Di kota-kota besar Indonesia, terutama Jakarta, semakin mudah menemukan seseorang mengetik di depan laptop dengan segelas iced matcha di meja—bukan americano, apalagi espresso. Matcha, bubuk teh hijau khas Jepang yang biasa tersaji padu dengan susu dan es, kini bukan sekedar variasi minuman tetapi telah menjadi simbol gaya hidup.
Fenomena gemar meminum matcha ini juga bisa dipandang lebih dalam daripada sekadar preferensi dan selera. Ketertarikan muda-mudi terhadapnya justru mencerminkan perubahan besar dalam cara generasi yang lebih muda ketika bekerja, beristirahat, menampilkan diri di media sosial-hingga memaknai kesehatan mental. Jika americano, hingga espresso, merupakan minuman era "work hard", matcha mungkin adalah simbol generasi baru yang memilih "live well".
Tren ini dibuktikan dengan industri matcha yang bertumbuh pesat. Menurut laporan Grand View Research, pasar matcha global tumbuh 8,5% per tahun (CAGR) dan diproyeksikan terus naik hingga 2030, didorong oleh konsumen muda yang mulai mengurangi konsumsi kopi berat.
Riset NielsenIQ juga menunjukkan, bahwa Gen-Z adalah kelompok paling "health-driven", dengan 85% di antaranya menyatakan kesehatan dan mental well-being mempengaruhi pilihan makanan dan minuman, di mana matcha menjadi salah satu yang dianggap merepresentasikan pandangan tersebut.
Mengapa Tren Ini Terjadi?
Perubahan konsumsi dari kopi yang pekat menuju segelas matcha yang menyegarkan tidak terjadi dalam semalam. Ada beberapa faktor yang mendorong matcha naik kelas, dari minuman tradisional Jepang menjadi minuman utama di ruang kerja, co-working space, dan kafe-kafe mapan kota Jakarta.
1. Alam Bawah Sadar Gen-Z yang Lelah
Americano identik dengan produktivitas. Karakter dan rasanya terkesan agresif, pahit, dan efisien. Sementara itu, espresso mencirikan satu karakter minuman yang cocok bagi orang-orang yang lugas dan butuh kelugasan. Di lain sisi, tren matcha justru memiliki citra yang lebih fit bagi Gen-Z, yang tumbuh dalam realitas berbeda.
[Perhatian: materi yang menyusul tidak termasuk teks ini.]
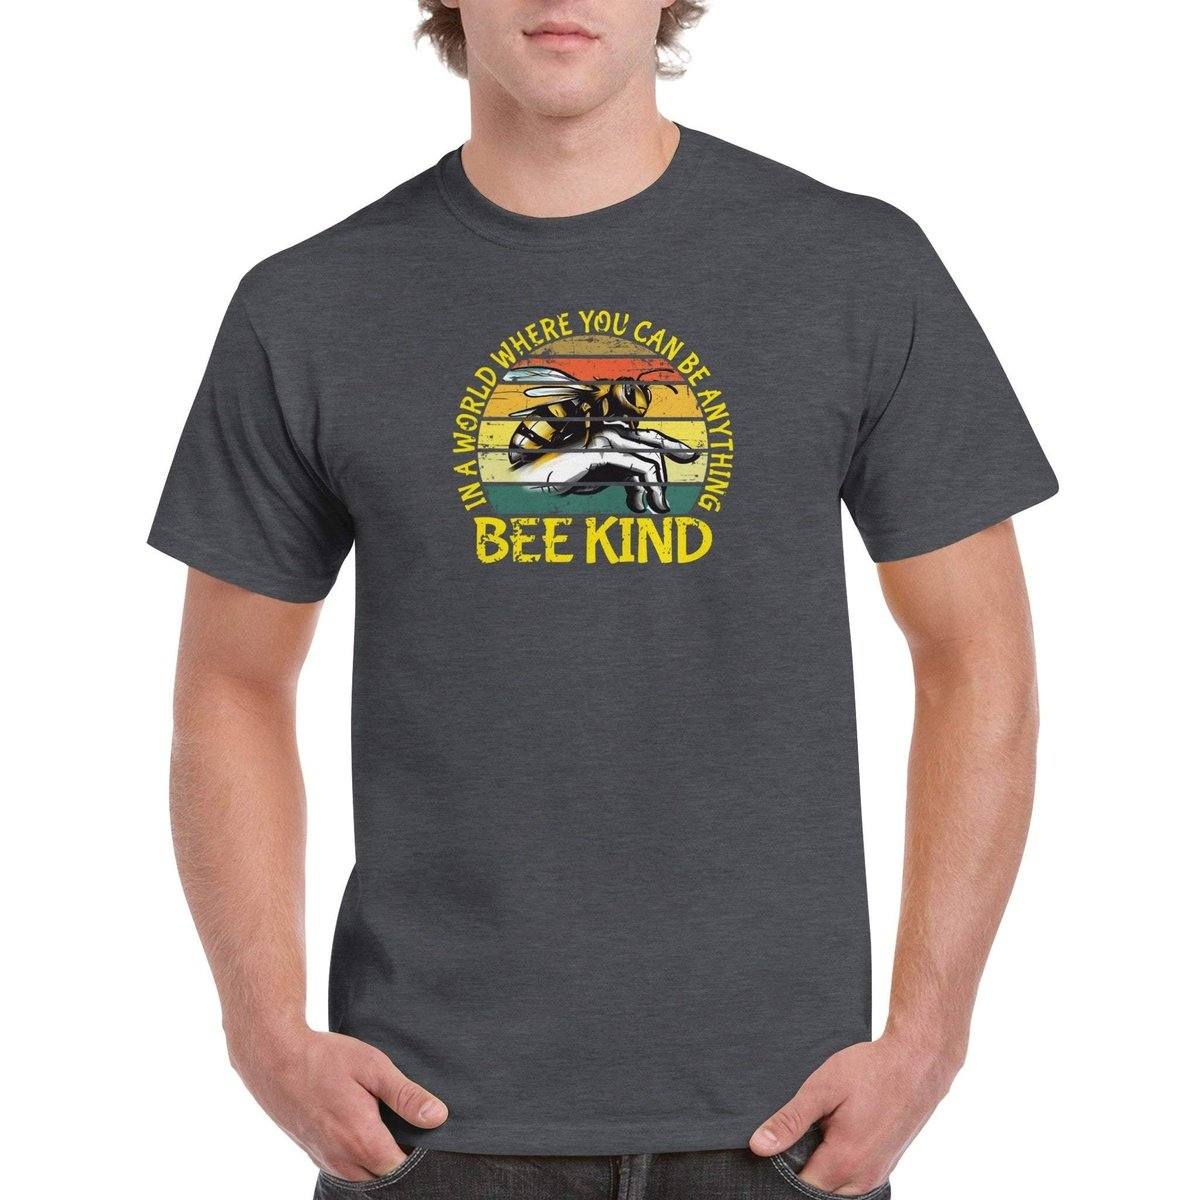 In a world where you can be anything bee kind Tshirt - Retro Vintage Bee - Unisex Crewneck T-shirt Australia Online Color Dark Heather / S

Warna dan aroma matcha yang khas serta lebih refreshing disebut mampu mengimbangi kebutuhan Gen-Z, yang menurut temuan Intel Study: 47% di antaranya punya kecenderungan merasa stress setiap hari.
Selain itu, karakter matcha yang tampak lebih soft ketimbang kopi, juga dianggap bisa memenuhi kebutuhan kafein Gen-Z. Hal ini didukung data Global Wellness Institute, yang mencatat sebanyak 73% responden Gen-Z mulai mengurangi kopi secara drastis, karena rawan memicu anxiety dan gangguan tidur.
2. Pelarian Elegan
Kandungan L-Theanine di dalam matcha diklaim dapat menenangkan sistem saraf, menghasilkan energi lebih stabil tanpa deg-degan, maupun "crash" setelah dua jam-seperti usai menyesap secangkir kopi yang strong.
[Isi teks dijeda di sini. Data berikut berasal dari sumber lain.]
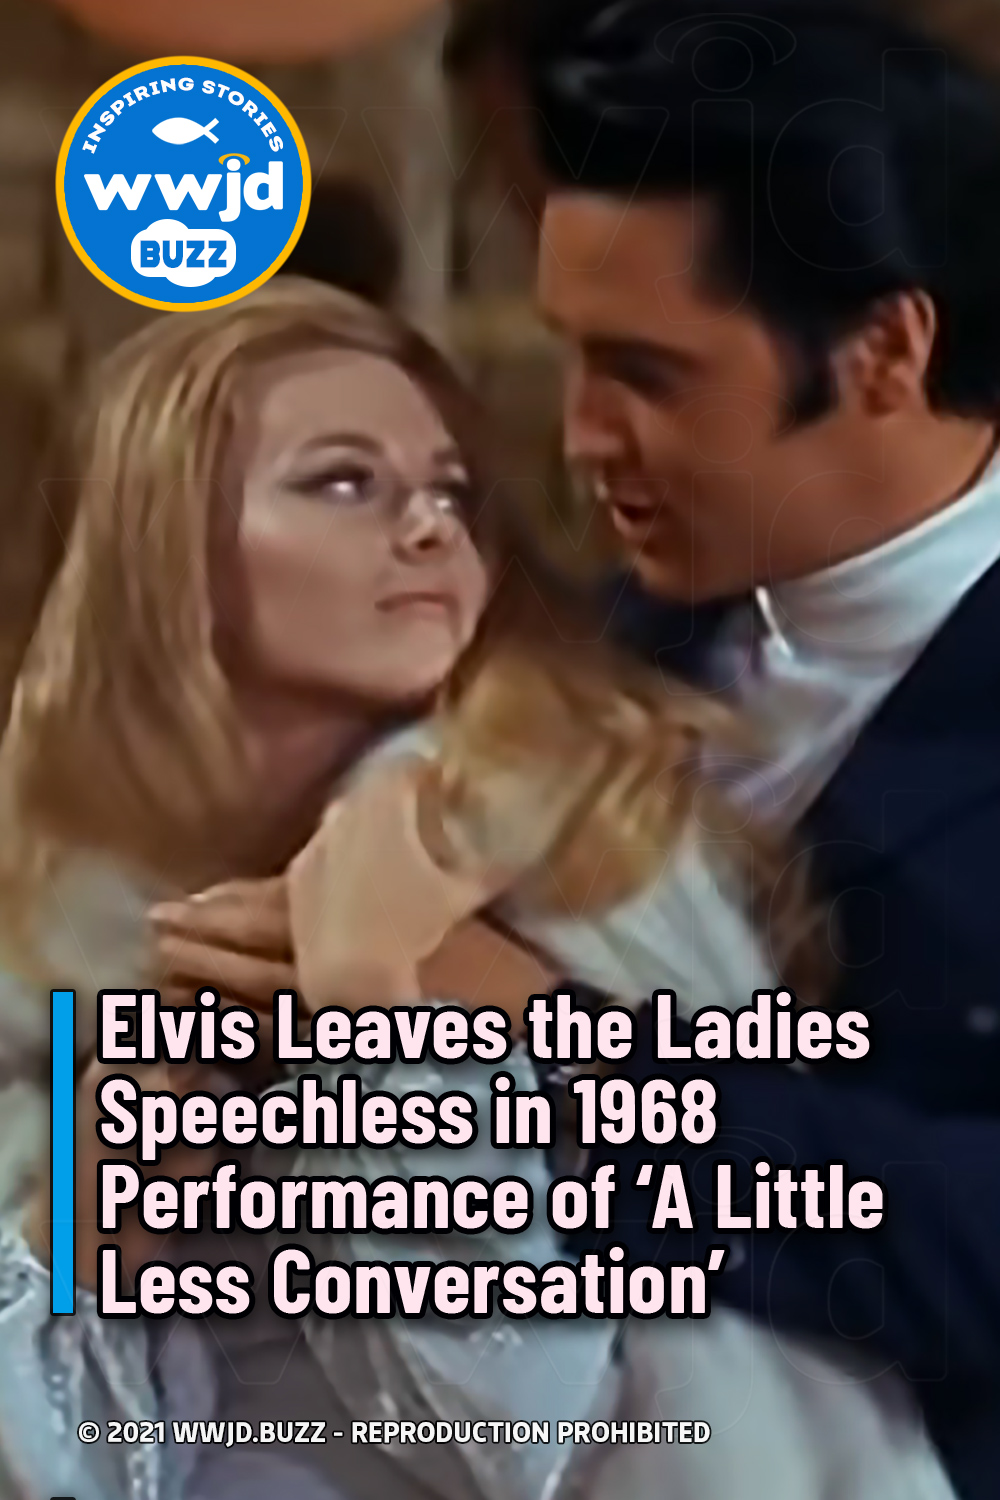 Elvis Leaves the Ladies Speechless in 1968 Performance of ‘A Little Less Conversation’

Bagi generasi yang begitu sadar dengan kesehatan mentalnya, sensasi yang ditawarkan matcha ini terasa lebih logis untuk dipilih dan dinikmati.
Berlawanan dengan efek meminum kopi, yang sanggup meningkatkan kecepatan bekerja, tetapi cepat pula habis "dayanya", matcha justru mampu menghadirkan efek yang lebih lembut dan pelan, tetapi stabil sepanjang hari.
Hal ini seperti cocok dengan mindset yang tengah dipercayai oleh generasi baru, di mana produktivitas bukan lagi "seberapa cepat bekerja" tapi "seberapa sehat bertahan".
3. Mendukung Estetika Media Sosial
Tak bisa dimungkiri: matcha selalu tampak cantik di kamera. Warna hijaunya yang khas, mampu menyatu padu dengan foam yang lembut, terlebih saat disajikan pada gelas bening yang dipercantik sedotan stainless. Semua hal itu amat cocok dengan preferensi visual ala TikTok dan Instagram Reels yang mengedepankan estetika.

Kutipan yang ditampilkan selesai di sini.